Andreas H. über seine Tätigkeit in der modernen Webindustrie

Andreas H., geboren 1980, ist ein gelernter Textilmaschinenführer aus Hattingen an der Ruhr. Seit 2010 ist er bei der Etikettenweberei Bornemann in Wuppertal als Bandweber tätig.

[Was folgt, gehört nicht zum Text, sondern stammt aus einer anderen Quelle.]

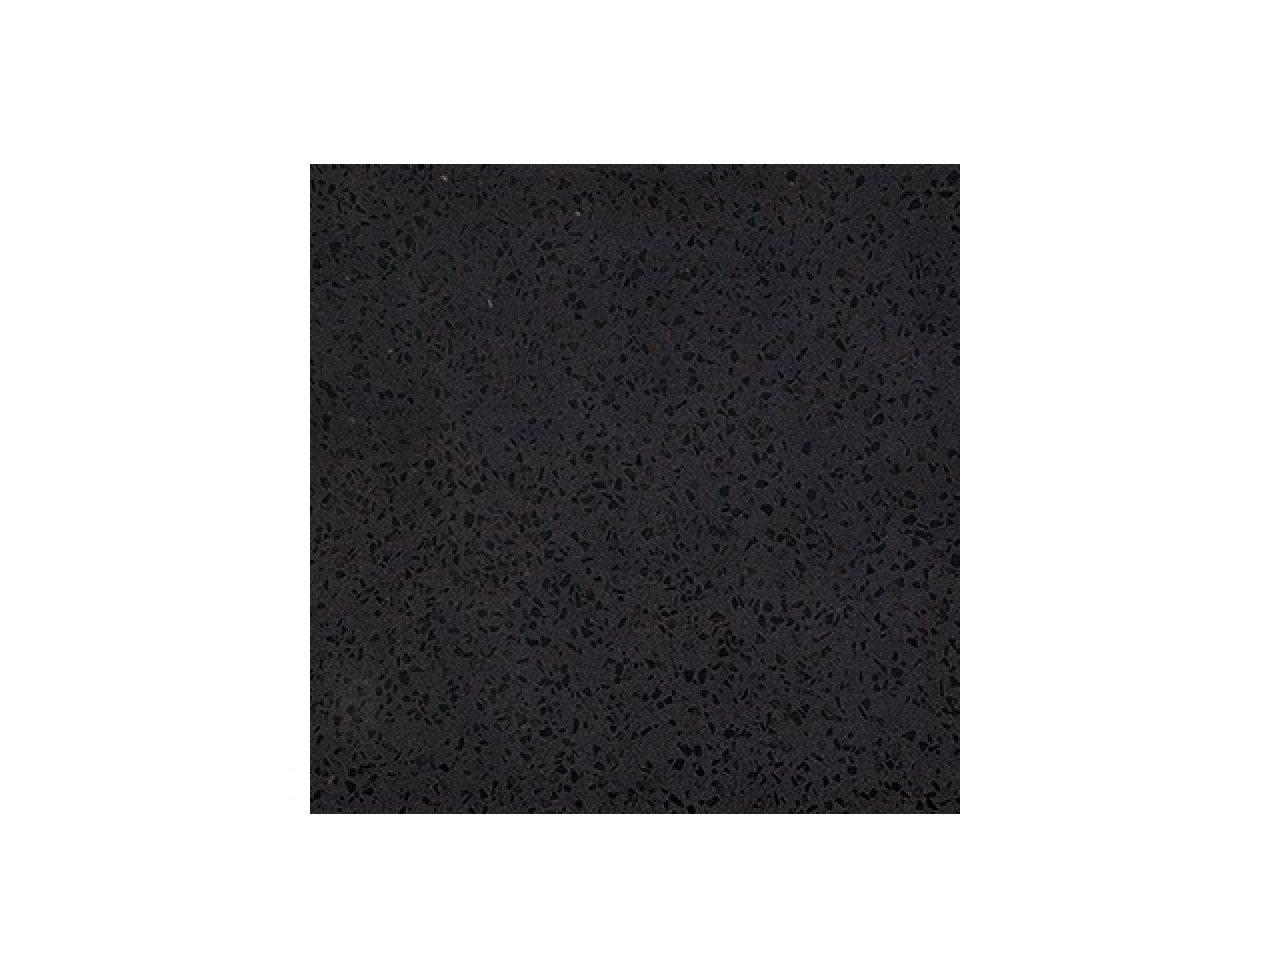 Напольная плитка Marvel Terrazzo Black Lappato 75x75
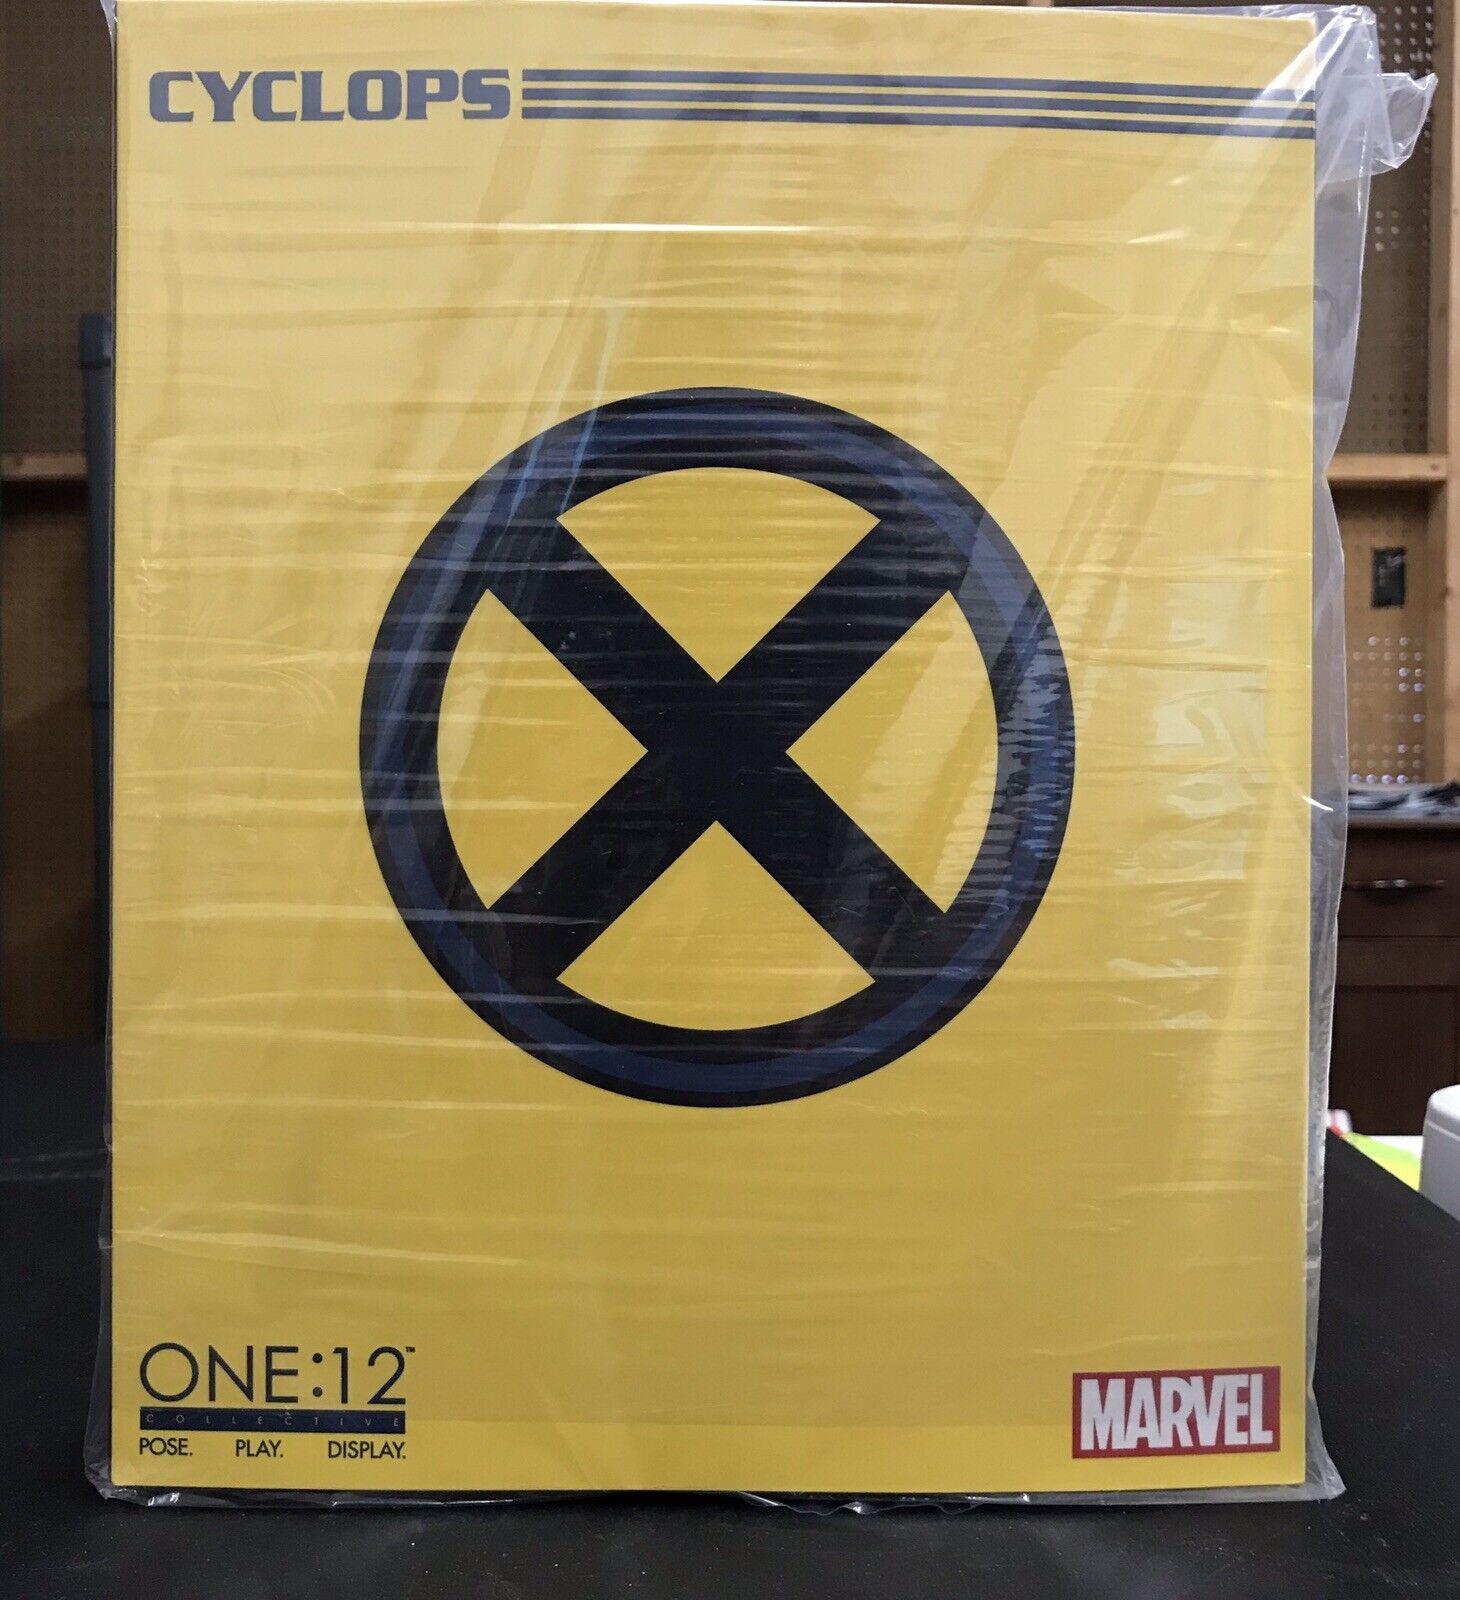 Mezco Spielzeugz Marvel X-menschen Cyclops One 12 Collective Wirkung Figure New Meerled

Ausbildung und erste Tätigkeiten

Regale mit Vorräten an Garnrollen in verschiedenen Farben im Webraum der Firma Bornemann-Etiketten GmbH, 2013.
Foto: Stephanie Herden/LVR/LVR

Da An­dre­as H. nach sei­nem Haupt­schul­ab­schluss Schwie­rig­kei­ten hat­te, in sei­nem Wunsch­be­ruf als Tisch­ler ei­ne Aus­bil­dungs­stel­le zu fin­den, be­gann er nach per­sön­li­cher Ver­mitt­lung ei­ne Leh­re bei der We­be­rei Con­ze & Cols­man in Vel­bert. Die Fir­ma stell­te brei­te Ge­we­be her, un­ter an­de­rem Fut­ter­stof­fe für die Mo­de­in­dus­trie und Schwer­ge­we­be in Form von LKW-Pla­nen. In zwei Jah­ren er­lern­te An­dre­as H. dort den Be­ruf des Tex­til­ma­schi­nen­füh­rers, der spe­zi­ell auf die Be­die­nung, Über­wa­chung und War­tung von meist voll­au­to­ma­tisch und elek­tro­nisch ge­steu­er­ten Ma­schi­nen zur Pro­duk­ti­on ver­schie­dens­ter Tex­ti­li­en aus­ge­rich­tet ist. Auf­grund der schlech­ten Auf­trags­la­ge konn­te sein Aus­bil­dungs­be­trieb ihn je­doch nicht län­ger­fris­tig über­neh­men. „Nach der Aus­bil­dung bin ich dann ziem­lich di­rekt nach Pa­xar ge­gan­gen“ be­rich­tet H. Die ame­ri­ka­ni­sche Fir­ma Pa­xar hat­te in Wup­per­tal die Fa­mi­li­en­we­be­rei Bor­ne­mann auf­ge­kauft. Dort be­dien­te er Na­del­web­au­to­ma­ten. Auf­grund ei­nes schlech­ten Ar­beits­kli­mas und ho­hen Ar­beits­drucks, kün­dig­te H. dort 2006: „Dann war ich drei­ein­halb Jah­re wo­an­ders LKW fah­ren.“ Da er be­reits über ei­nen LKW-Füh­rer­schein ver­füg­te, brauch­te er für die­se neue Stel­le kei­ne wei­te­ren Qua­li­fi­ka­tio­nen, was ihm den Wech­sel von sei­nem Lehr­be­ruf in ei­nen an­de­ren Be­ruf er­leich­ter­te. Dass es sich da­bei um ei­ne Fest­an­stel­lung han­del­te, gab den kon­kre­ten Aus­schlag. Mit der Ge­burt sei­nes zwei­ten Kin­des ent­schied sich An­dre­as H. 2009 – un­ter an­de­rem aus fi­nan­zi­el­len Grün­den – je­doch für ei­ne Rück­kehr in sei­nen Lehr­be­ruf. Im März 2010 klapp­te es mit ei­ner An­stel­lung bei der wie­der- bzw. neu ge­grün­de­ten We­be­rei Bor­ne­mann-Eti­ket­ten GmbH in Wup­per­tal.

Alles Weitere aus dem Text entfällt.